Spring 2012 Visiting Faculty Fellows
The Humanities Writ Large Steering Committee, chaired by Srinivas Aravamudan, Dean of Humanities, has selected three faculty as the inaugural Visiting Faculty Fellows of the Mellon Foundation-funded Humanities Writ Large initiative. They are:
- Tess Chakkalakal, Associate Professor of Africana Studies and English, Bowdoin College
- Jason Cohen, Assistant Professor of English, Theater and Communication, Berea College
- Sharon Raynor, Associate Professor of English and Mott University Distinguished Professor, Johnson C. Smith University
Professor Chakkalakal is currently on leave from Bowdoin and has been engaged in discussions with with Maurice Wallace, Associate Professor of English and African and African American Studies, on the intersections between theological discourse and African American literature. She seeks to construct a truly interdisciplinary approach to teaching the literature of the Jim Crow era, with a particular focus on the writings of Reverend Sutton E. Griggs. During her Fellowship, she plans to continue her work and on African American literature and will seek to engage with other Duke faculty and with Duke students. She is also planning a conference on editing early African American Literature. She is based in African and African American Studies.
Professor Cohen is based in the BorderWork(s) Lab, where he will explore how maps both documented and shaped the early modern debates over the sovereignty of the seas. His research also investigates how these historical controversies can serve as a basis for examining contemporary concerns with oceanic environmental policy. Integrating textually-grounded historical inquiry with contemporary ecological questions, Professor Cohen’s work exposes the great potential in humanistic investigation of pressing global concerns. He will also be keenly involved with the lab’s focus on the digital and spatial humanities, particularly working with undergraduates, graduate students, and faculty on map digitization projects, among other ongoing and new endeavors.
Professor Raynor will be working with the Center for Documentary Studies to conduct and document community experiences, spoken memory, oral history, and the literacy and culture of silence. She plans to explore topics including the cultural preparedness of making a memory into a story and how memories and stories can cross cultures and generations without the experiences being lost in translation. Professor Raynor has directed two oral history projects, “Breaking the Silence: The Unspoken Brotherhood of Vietnam Veterans” and “Soldier-to-Soldier: Men and Women Share their Legacy of War,” originally funded by the North Carolina Humanities Council. She is based in the History Department.

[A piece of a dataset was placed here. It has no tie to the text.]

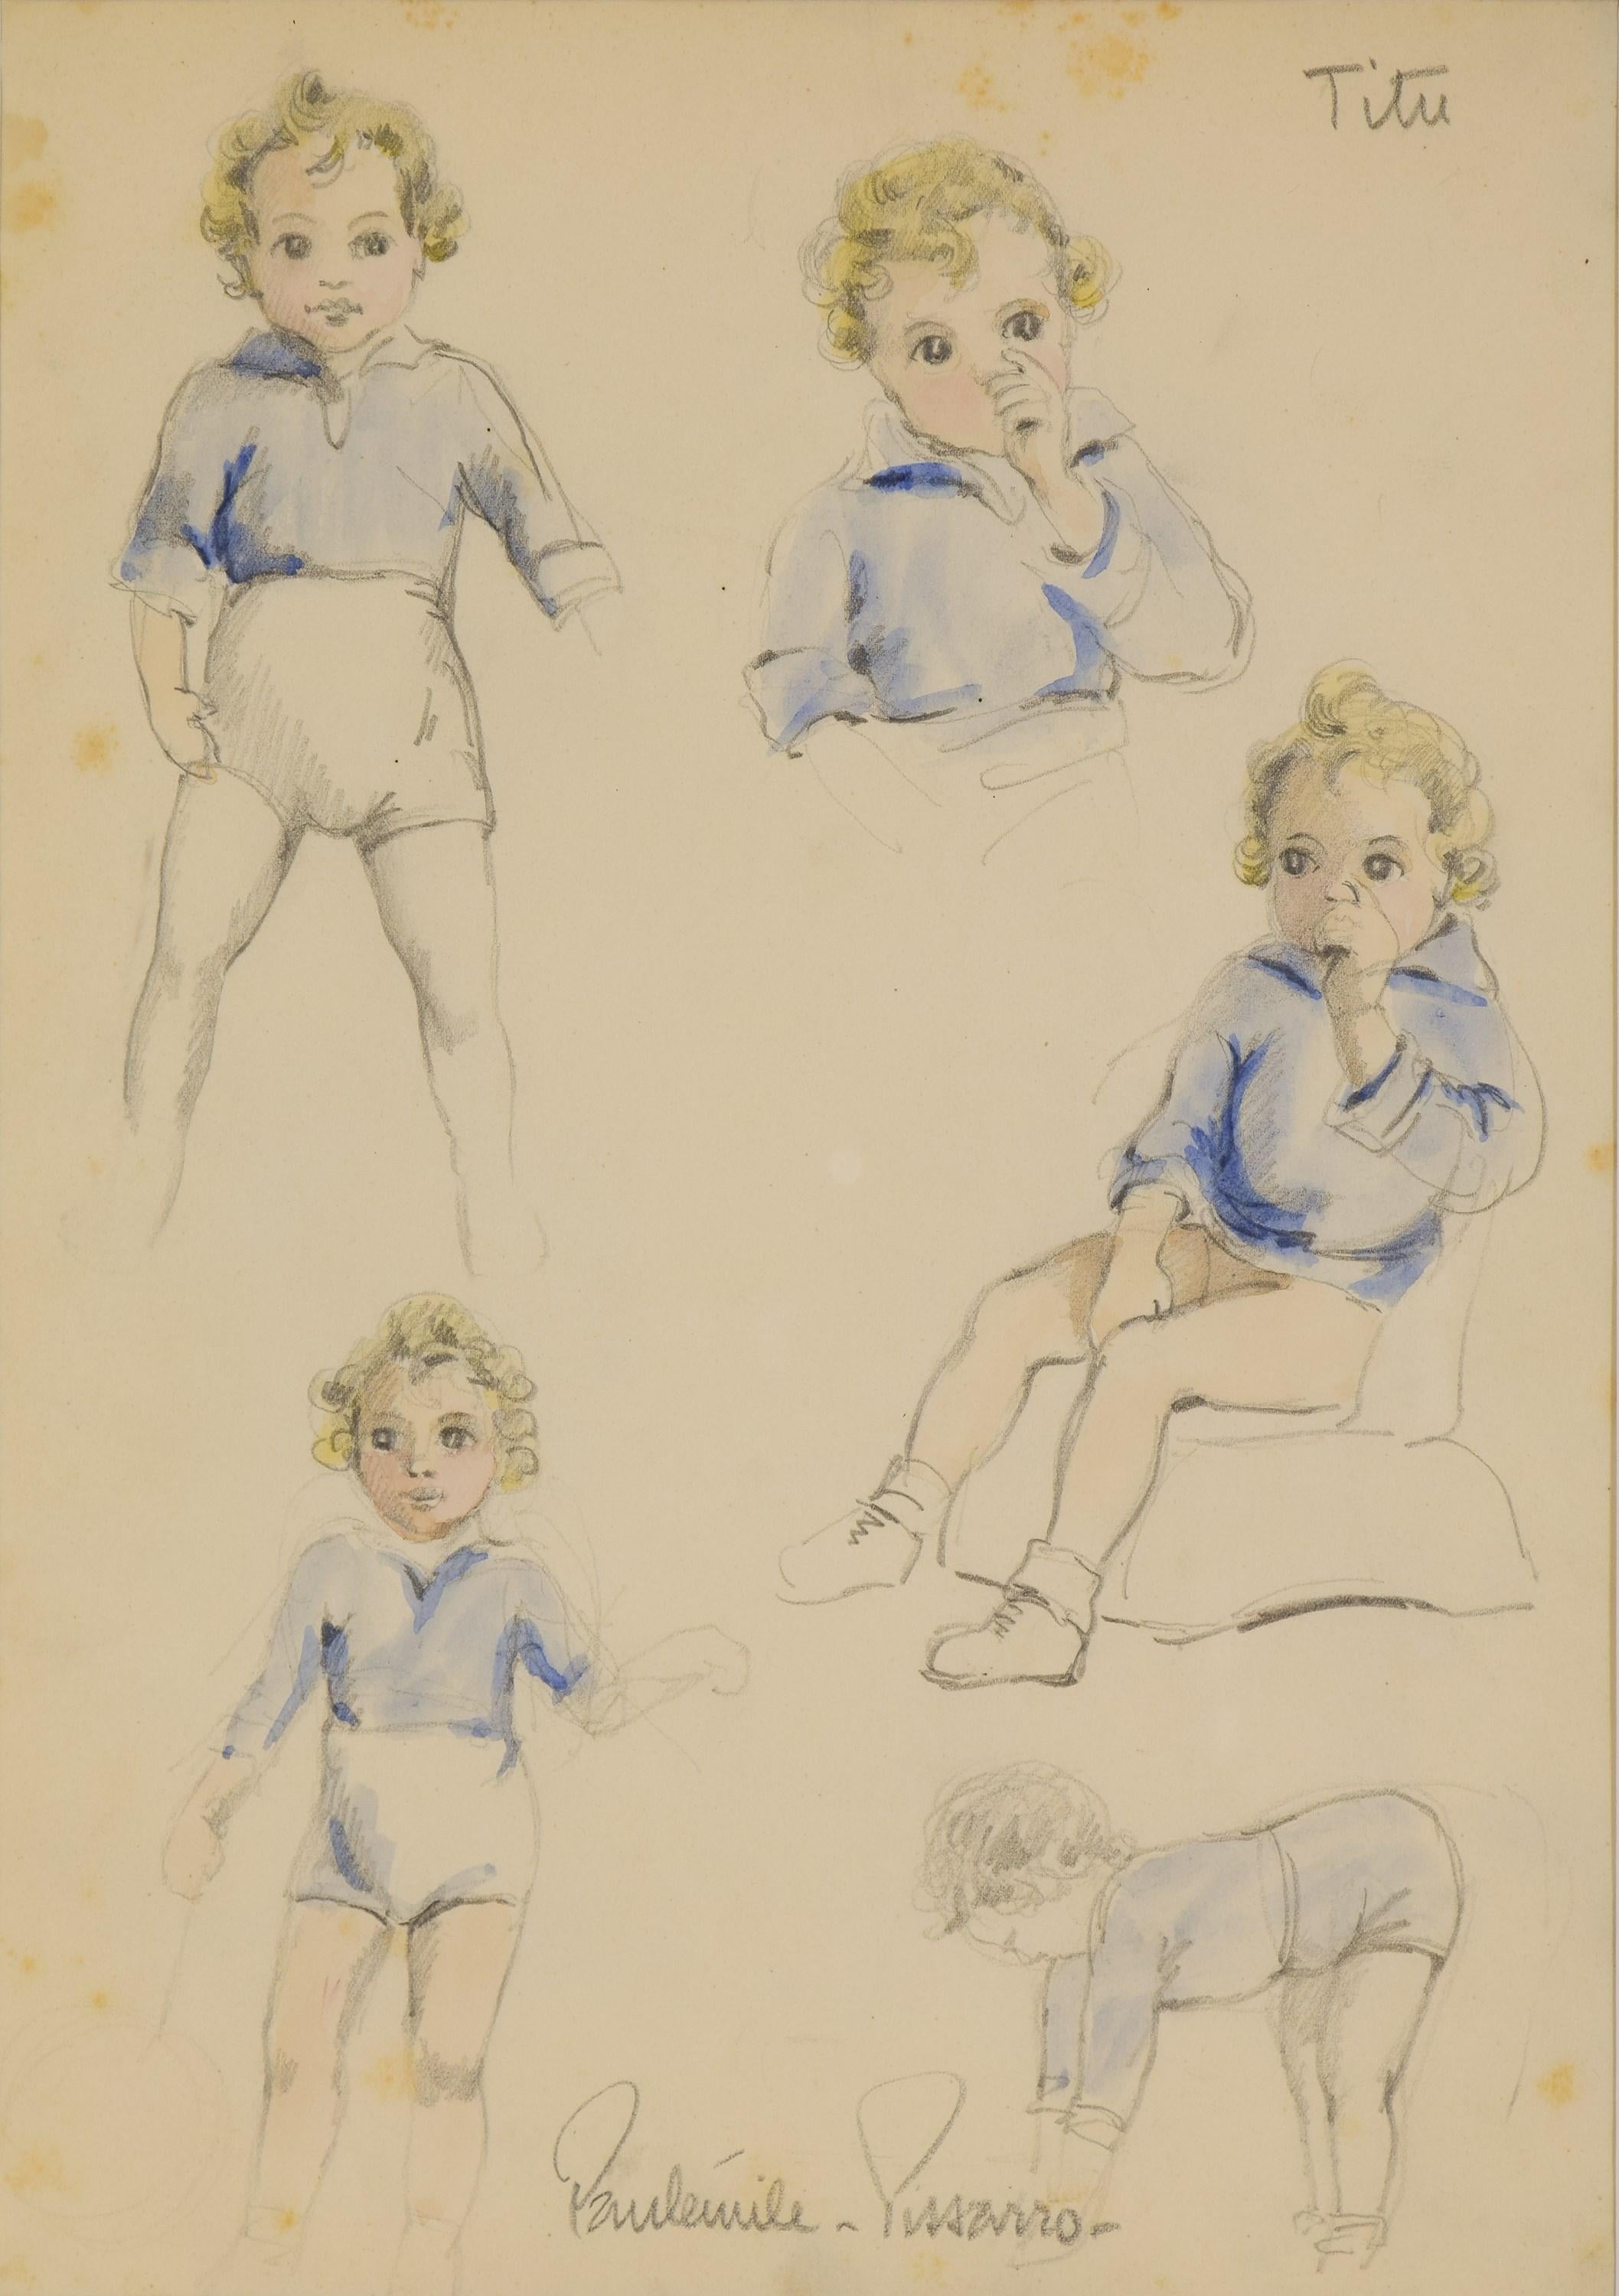 Études sur Titu by Paulémile Pissarro - Study drawing, 1938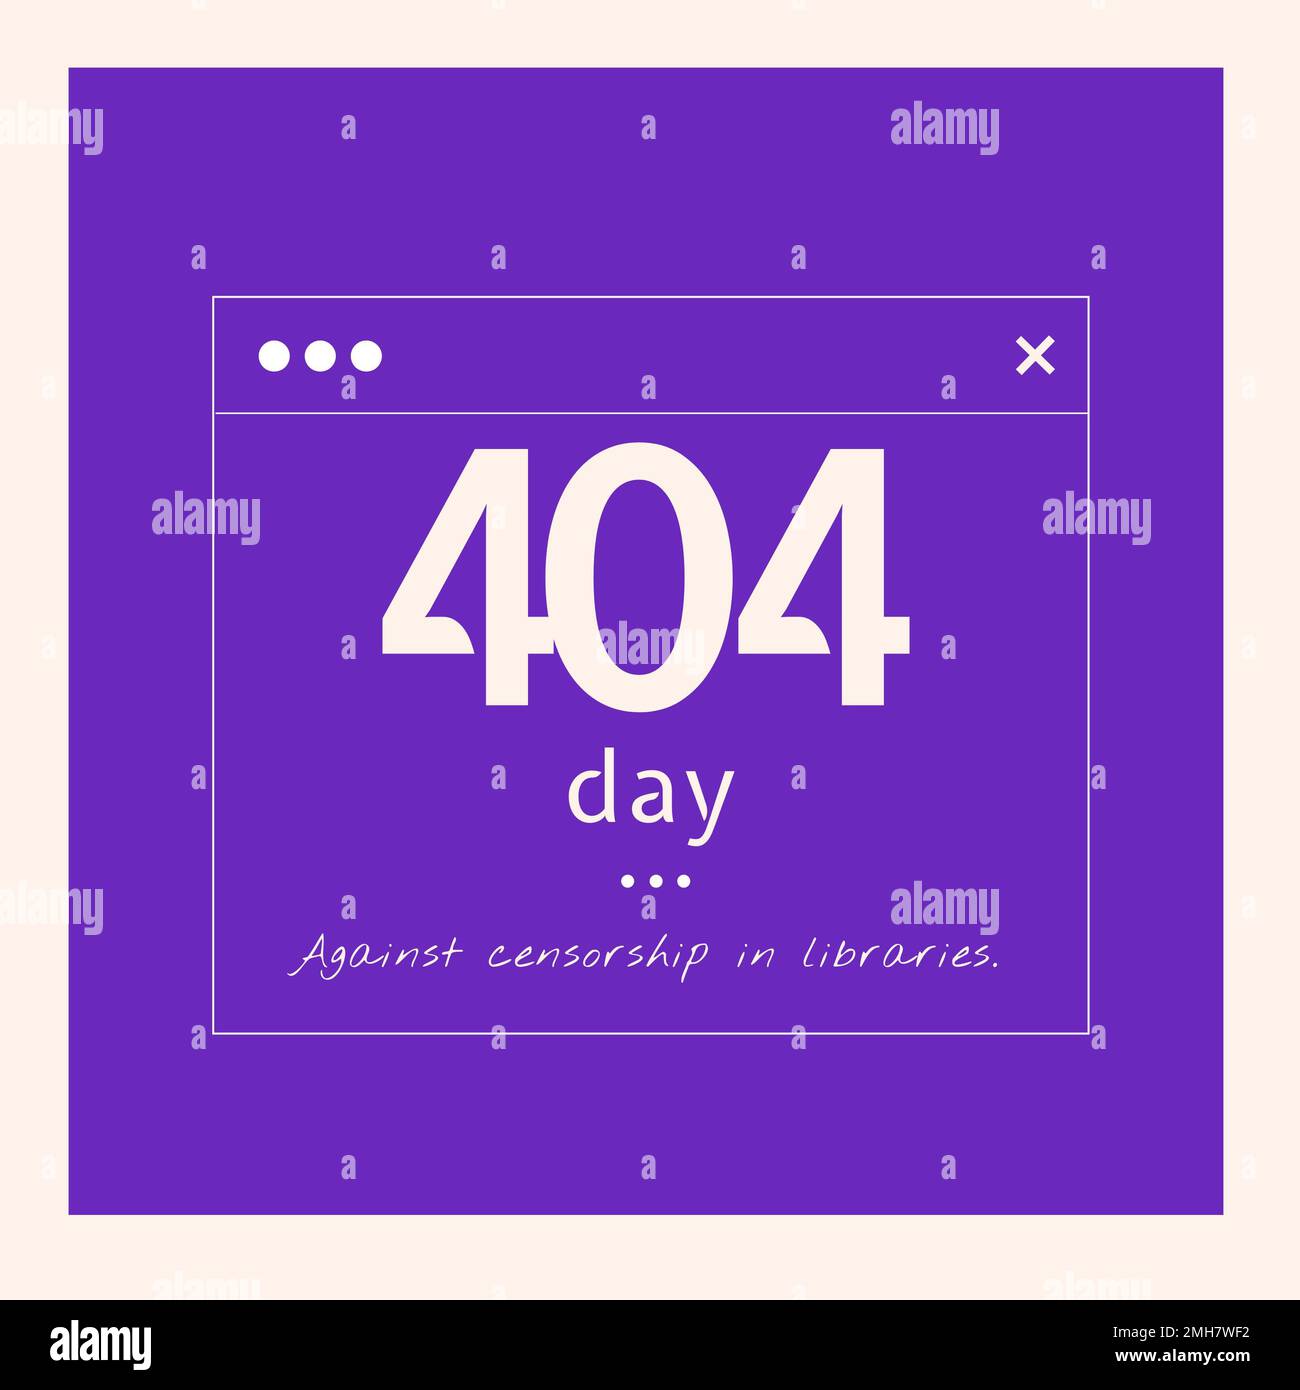 Zusammensetzung des 404. Tages gegen Zensur in Bibliothekstexten auf blauem Hintergrund Stockfoto

Professors Chakkalakal, Cohen, and Raynor are in residence at Duke for Spring semester. They will be actively engaged with the Duke community in and beyond their proposed working units. Students and faculty who would like to propose additional ways to include them in the intellectual and cultural life of Duke can reach out to them directly, or can contact Laura Eastwood ).
Earlier support from the Andrew W. Mellon Foundation has allowed Duke's Franklin Humanities Institute to bring visiting faculty in the humanities, arts, and interpretive social sciences at Historically Black Colleges and Universities (HBCUs) for visits of a semester or a year.
Once selected, these visiting fellows became part of the larger community of Mellow HBCU Fellows at Duke. They are invited to return annually to participate in a symposium with Fellows from all years of the program. It is our expectation that visiting faculty fellows supported by the Humanities Writ Large grant will become members of this larger community and retain ties with Duke and with each other after their fellowships are complete.